Wednesday, July 14, 2010

Day 40/41 - Magic Flute 2/Madame Butterfly 3

Both Magic Flute and Madame Butterfly performances went very well. Both only had one extra apprentice, so a lot of monitor shifts keep that extra person busy. For Madame Butterfly, some of the movements happen simultaneously, which means I need to leave the Control Room. I'm not supposed to do that, but I don't have a choice, since the movements need to take place. I usually take a wireless intercom with me so I can keep in touch with stage management.

In the mean time, i'll give you a little tour of the campus. It's not a complete tour, but i'll add pieces here and there.

First is Stieren Rehearsal Hall. The blog post a few weeks ago showed a monitor I added into a walkway from the theatre to the rehearsal hall. The end of that walkway is the Rehearsal Hall, which contains two angled pieces of steel the same dimensions as the real theatre, the same height as the half-roof.

The great part about this allows the carpenters a way to test-fit scenic elements if the stage is busy, or allows scenic painters to paint the set fully constructed. The rehearsal hall also stores extra-large pieces of scenery that may be inconvenient to fit in the basement. On the west side of the Rehearsal Hall are two large doors that can be opened for scenery to enter or exit.

Walk out the big double doors and go north, and you end up on the back deck.



Continue walking and you are at the upstage side of the theatre (which you've seen plenty of by now)



And the view out the back deck.



Further down the deck is the scene shop. It's big, folding door is the first i've seen of this type:



Here's the wood side of the shop, with lots of stock lumber. We would be jealous at Towson :)



And the steel side, with a large work desk and two snorkels to pull fumes from welding out of the shop.



In a different part of the building, under the center of the stage is the trap room. It appears that most of the center of the stage is "plugged", meaning it's floor can be pulled up for entrances, exits, or special effects. In four of our five shows, there is some kind of activity in the trap room. You can see black netting just below the ceiling, which is moved into place if there's an open hole in the stage floor. The dark, bare wall on the left is the back of the orchestra pit.

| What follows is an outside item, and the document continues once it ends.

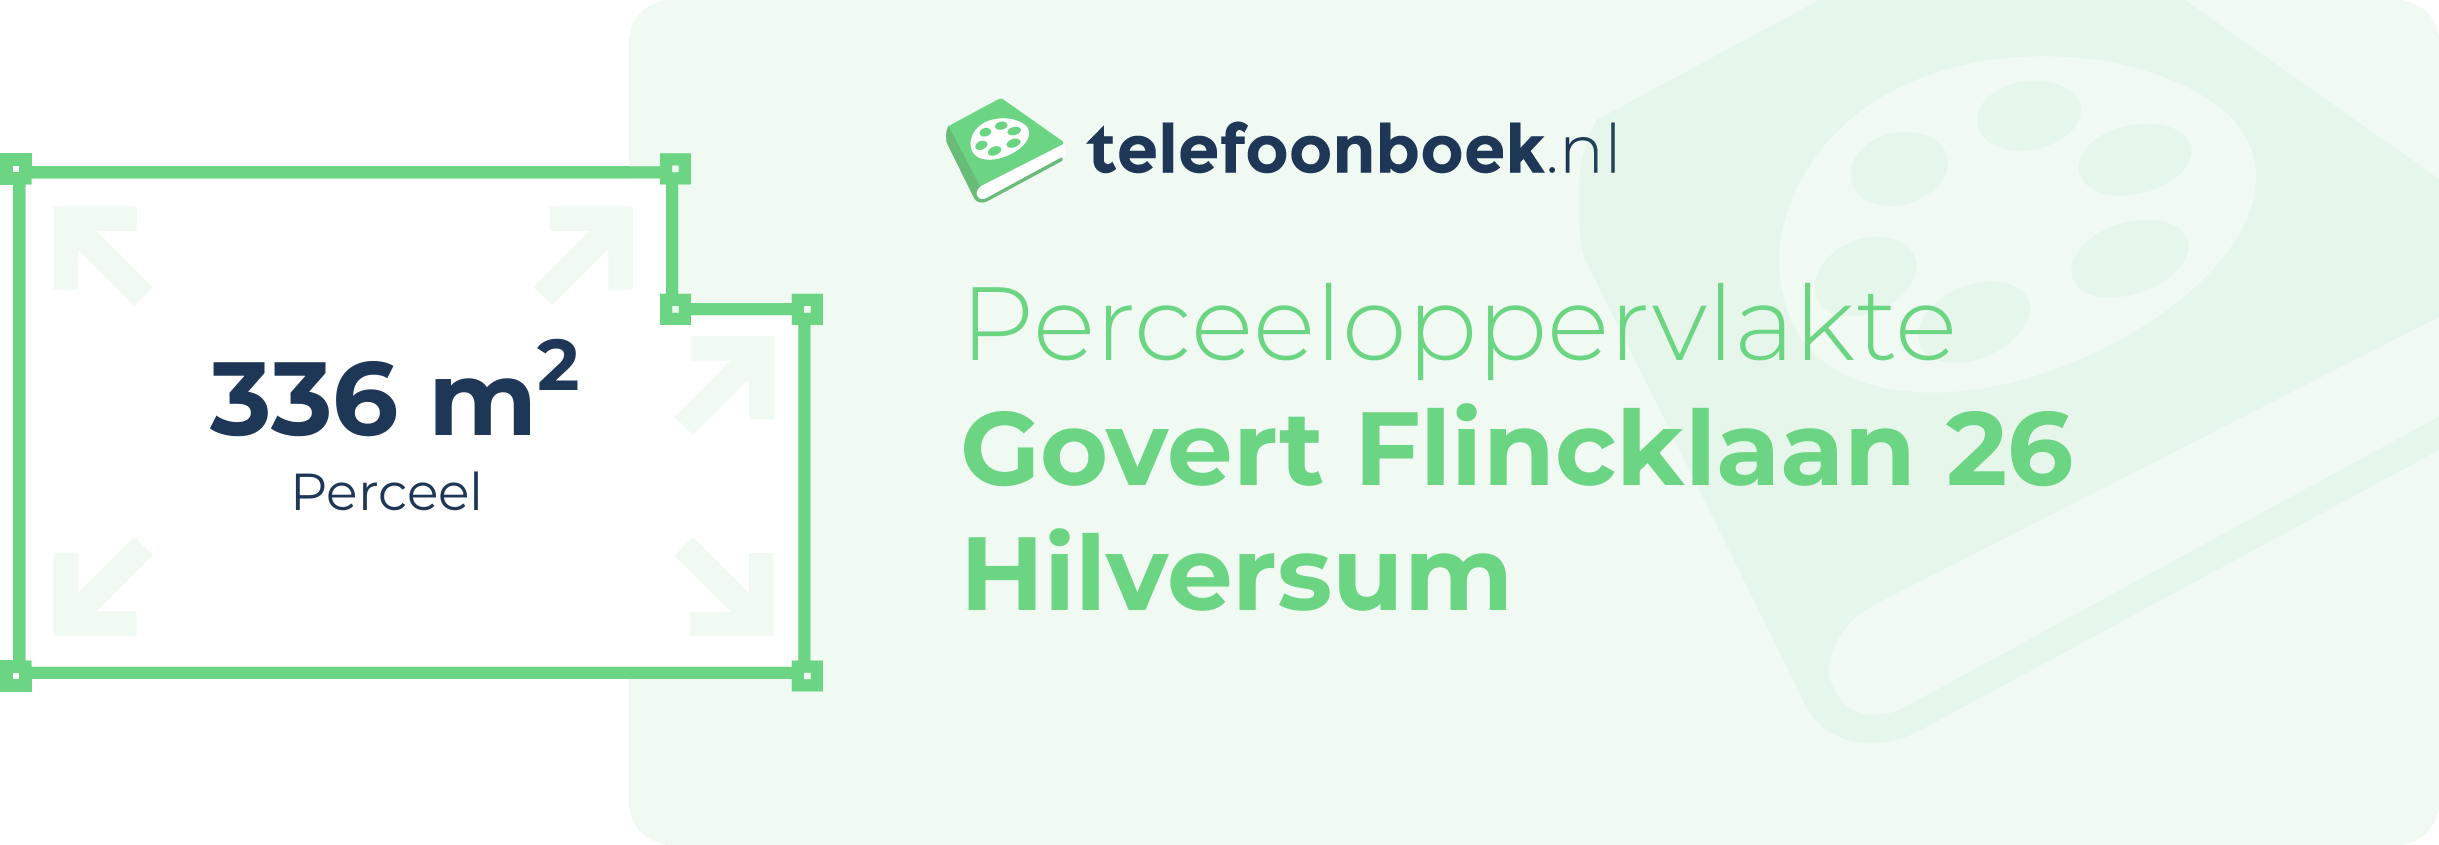 Perceeloppervlakte Govert Flincklaan 26 Hilversum
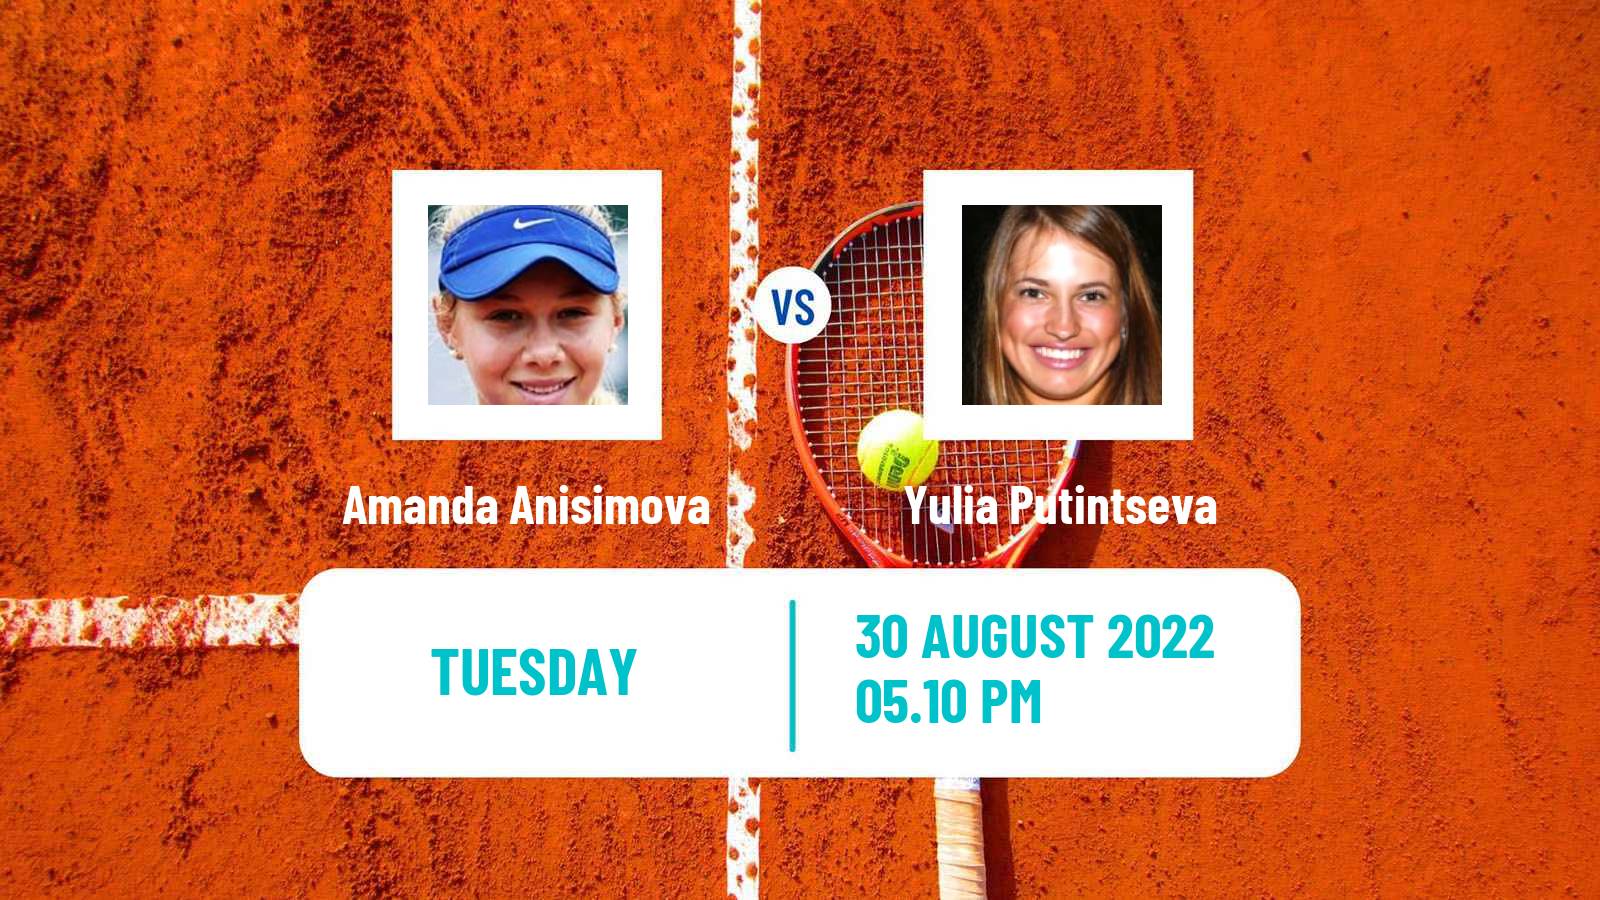 Tennis WTA US Open Amanda Anisimova - Yulia Putintseva

Finally, the orchestra pit. The pit itself can raise or lower to the stage level, and is occasionally referred to as the "A-lift". The white line on the floor separates the lift from the fixed pit: the part on the right is the lift, the part on the left is fixed. The trap room is behind the fixed wall, under the stage on the left of the image.


Saturday, July 10, 2010

Day 39 - "Albert Herring" Tech #1

Hi everybody,

Tonight we began technical rehearsals for our fifth show of the season, "Albert Herring". I wasn't scheduled to start until 5pm, but I had to ride in with stage crew to be on time, which arrived around 3pm. Caitlin wants to put up photos that i've taken for her new apartment, so I figured I would shoot some more. I haven't gone out and just photographed around town, and the ranch at the north side of the Opera's campus seemed like I could find some good places to shoot.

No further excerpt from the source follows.